Saturday, May 28, 2011

MÉXICO HUELE A MUERTE

Por Rogelio García-Contreras

Título: Aliento a muerte,
Autor: : F.G. Haghenbeck,
Editorial : Planeta, México,
Año:  2010

Liebe ist wie der krieg, einfach anzufangen aber stark zu beenden. Creo que nada describe mejor al México retratado por Aliento a muerte que esta frase del coronel austriaco Carl Khevenhuller. Y sin embargo, la corrupción, desilusión, ofensas y demás vicisitudes propias de la guerra o el amor que tan vívida y vehementemente plasma la pluma de F.G. Haghenbeck, parten de un arte ignorado por las versiones oficiales de la época, un arte que no por ignorado resulta menos importante.

Esta novela histórica imprescindible para todo aquel que busque empaparse de detalles sociológicos y antropológicos sobre el México imperial de la segunda mitad del siglo XIX, me remite a una frase de Gaston Bachelard: “Para durar, es necesario confiarse a los ritmos, es decir, a sistemas de instantes”. ¿Habría mejor definición del arte de la escritura y el arte de la pintura que ésta: un sistema de instantes? Cuando Carlos Fuentes se inspiró en la obra de Álvarez Bravo para su descripción de México hecha a base de instantes, resultó ser una de las mejores que jamás se hayan realizado sobre el país: “México es una sola, larga herida, un muro tatuado de metralla, un nopal cortado a navajazos, un altar de lágrimas doradas”.

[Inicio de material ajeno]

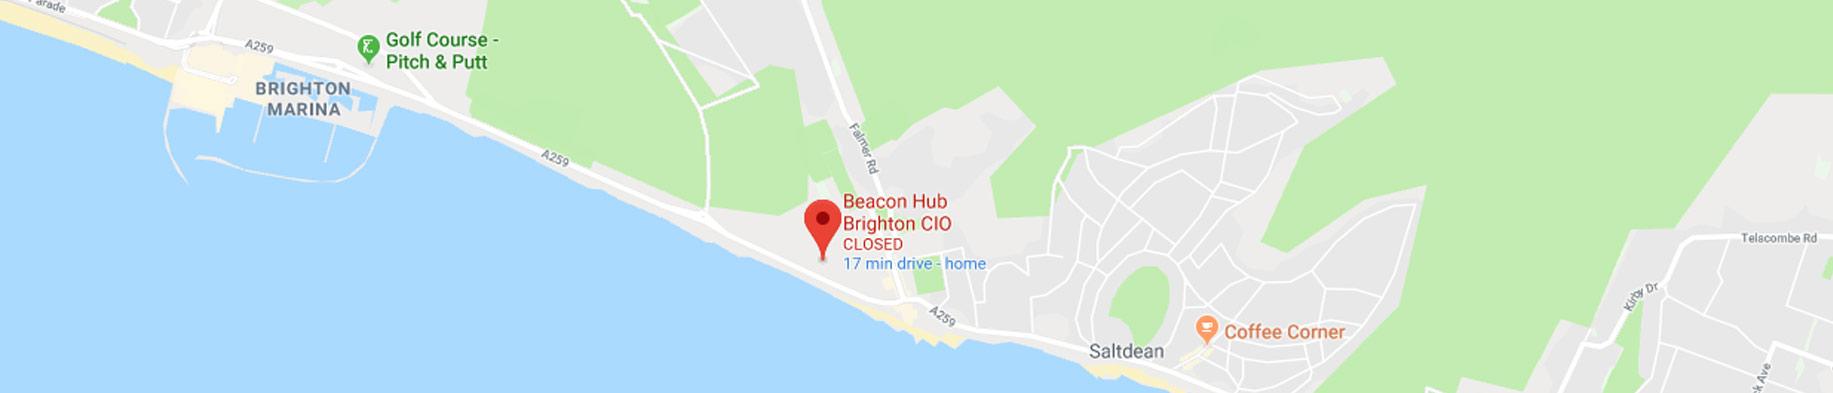 beacon hub rottingdean brighton sx

Para bien de la literatura mexicana y años después de que Fuentes se inspirara en la obra de Álvarez Bravo, aparece F.G. Haghenbeck con nuevos bríos, iluminando una época de México que sólo se podía retratar a través de la pintura, para regalarnos a detalle y sin compromisos históricos, un retrato hablado del Imperio de Maximiliano. El sofisticado diálogo entre la pintura y la novela de Aliento a muerte convierten a esta obra en una expresión artística que lo es por meritos propios, pues toda obra de arte es un asunto humano y sin embargo, ningún arte termina por ser lo suficientemente humano.

Pocas veces me he topado con libros tan honestamente escritos desde la imaginación de un hombre que parece estar en paz con la historia; una historia que no pretende explicar nuestro pasado pero tampoco justificar nuestro presente. Una historia no oficial que precisamente por no serlo, resulta más precisa. El autor de Aliento a muerte se revela como el pintor de textos que se postra frente al enano de Clement o al burdel de Sheetheon para completar sus obras, para culminarlas y para ponerlas en contexto. Este texto extraordinario nos recuerda que, sin contexto, toda obra de arte no sólo se pierde en el anonimato sino que por más que se promueva o difunda, la obra resulta estéril, a un tiempo hueca y cobarde, sin que jamás alcance a trascender.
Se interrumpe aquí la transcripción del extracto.